Disaster Recovery

Disaster Recovery Workflows

Disaster Recovery Workflows

Once the DellCSIReplicationGroup & PersistentVolume objects have been replicated across clusters (or within the same cluster), users can exercise the general Disaster Recovery workflows.

Ensure automatic remapping of PVCs is enabled by setting “disablePVCRemap” to “false” in the driver manifest (Refer: pvc-remap).

Planned Migration to the target cluster/array

This scenario is the typical choice when you want to try your disaster recovery plan or you need to switch activities from one site to another:

a. Execute “failover” action on selected ReplicationGroup using the cluster name

./repctl failover --rg rg-id-site-1 --target rg-id-site-2
 ./repctl --rg rg-id failover --target target-cluster-name

b. Execute “reprotect” action on selected ReplicationGroup which will resume the replication from new “source”

./repctl reprotect --rg rg-id-site-2
 ./repctl --rg rg-id reprotect --at new-source-cluster-name
state_changes1

Unplanned Migration to the target cluster/array

This scenario is the typical choice when a site goes down:

a. Scale down the application pods to zero replicas by editing the application manifest yaml file and changing the replicas count to 0.

b. The application pods might go to Error state. Force delete the application pods by running

kubectl delete pods <pod-name> -n <namespace> --force

c. Execute “failover” action on selected ReplicationGroup using the cluster name

./repctl failover --rg rg-id-site-1 --target rg-id-site-2 --unplanned
 ./repctl --rg rg-id failover --target target-cluster-name --unplanned 

d. (PowerMax driver only) Execute “swap” action on selected ReplicationGroup which would swap personalities of R1 and R2.

 ./repctl --rg rg-id-site-2 swap
 ./repctl --rg rg-id swap --at target-cluster-name

Note: Unplanned migration usually happens when the original “source” cluster is unavailable. The following action makes sense when the cluster is back.

e. (PowerScale arrays only) Before initiating a failback or reprotect operation, storage administrators must manually disable the SyncIQ policy when bringing the failed-over source array back online.
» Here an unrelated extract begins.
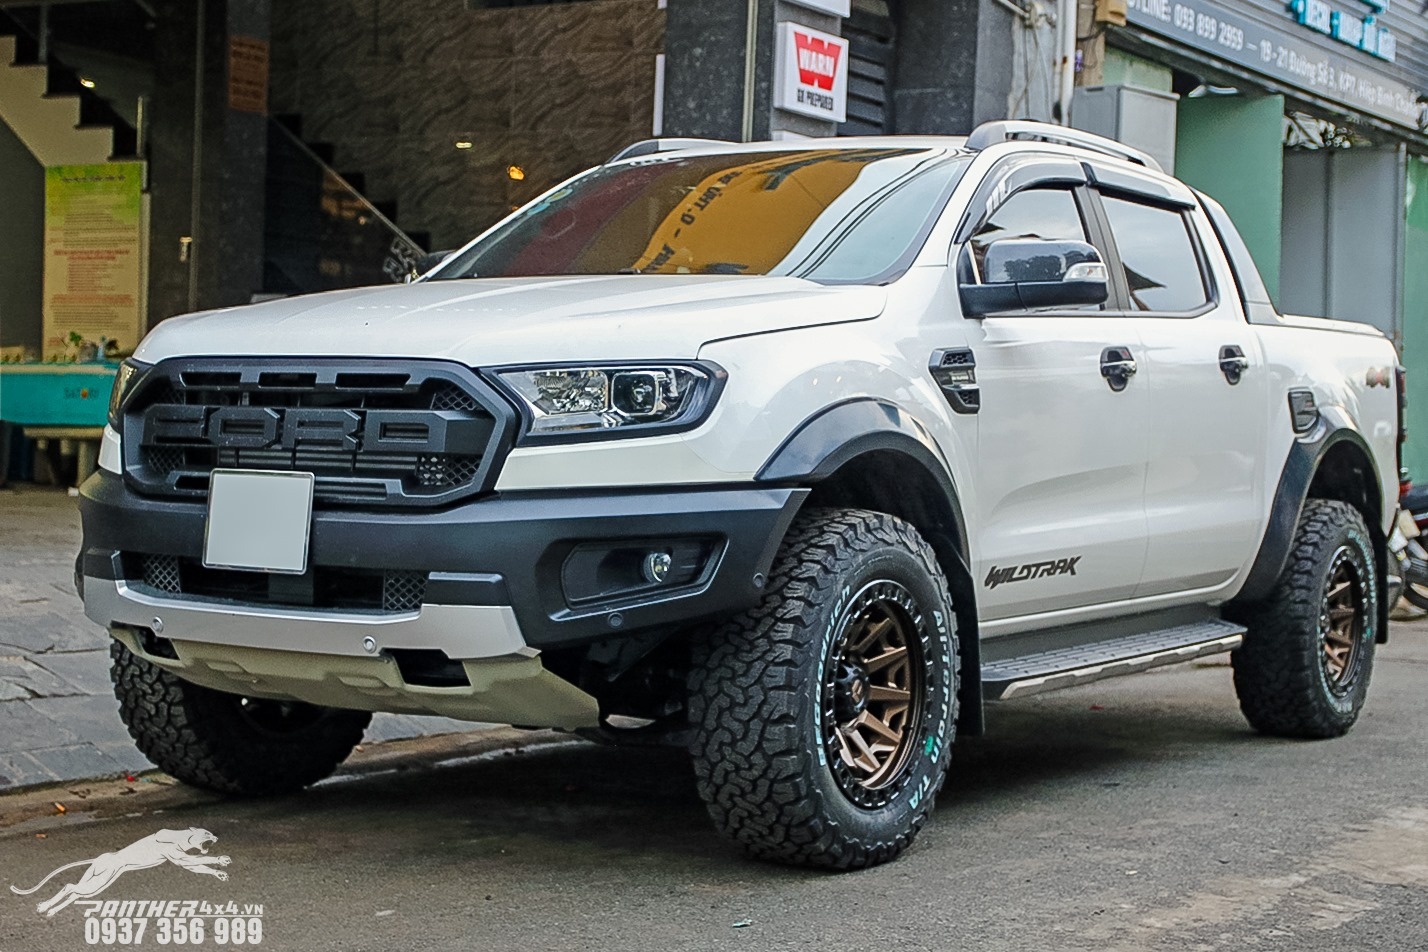 body-kit-raptor-2019-cho-ban-tai-ford-ranger-wildtrak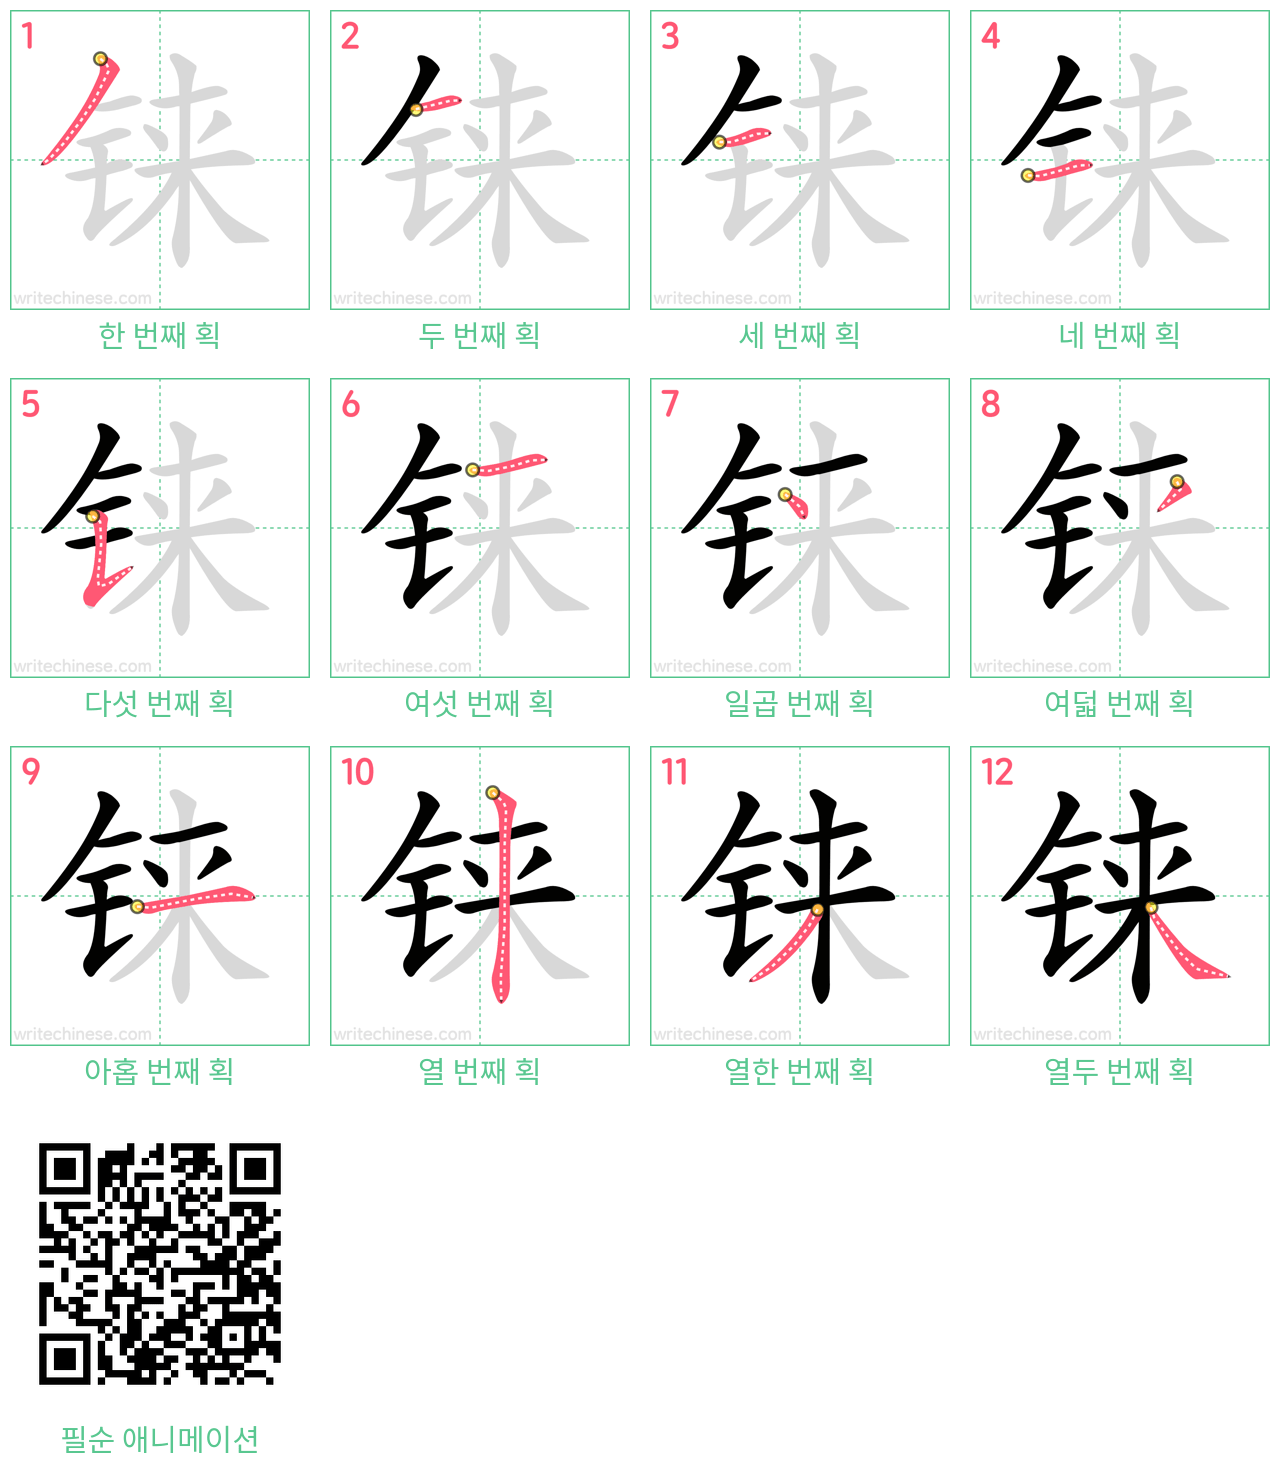 铼 step-by-step stroke order diagrams

Failing to do so may result in unexpected behavior.

f. Execute “reprotect” action on selected ReplicationGroup which will resume the replication.

 ./repctl --rg rg-id-site-1 reprotect
 ./repctl --rg rg-id reprotect --at new-source-cluster-name
state_changes2

g. Scale up the application pods to desired count by editing the application manifest yaml file and changing the replicas count to desired value.

NOTE: When users do Failover and Failback, the tests pods on the source cluster may go “CrashLoopOff” state since it will try to remount the same volume which is already mounted. To get around this problem, bring down the number of replicas to 0 and then after that is done, bring it up to 1.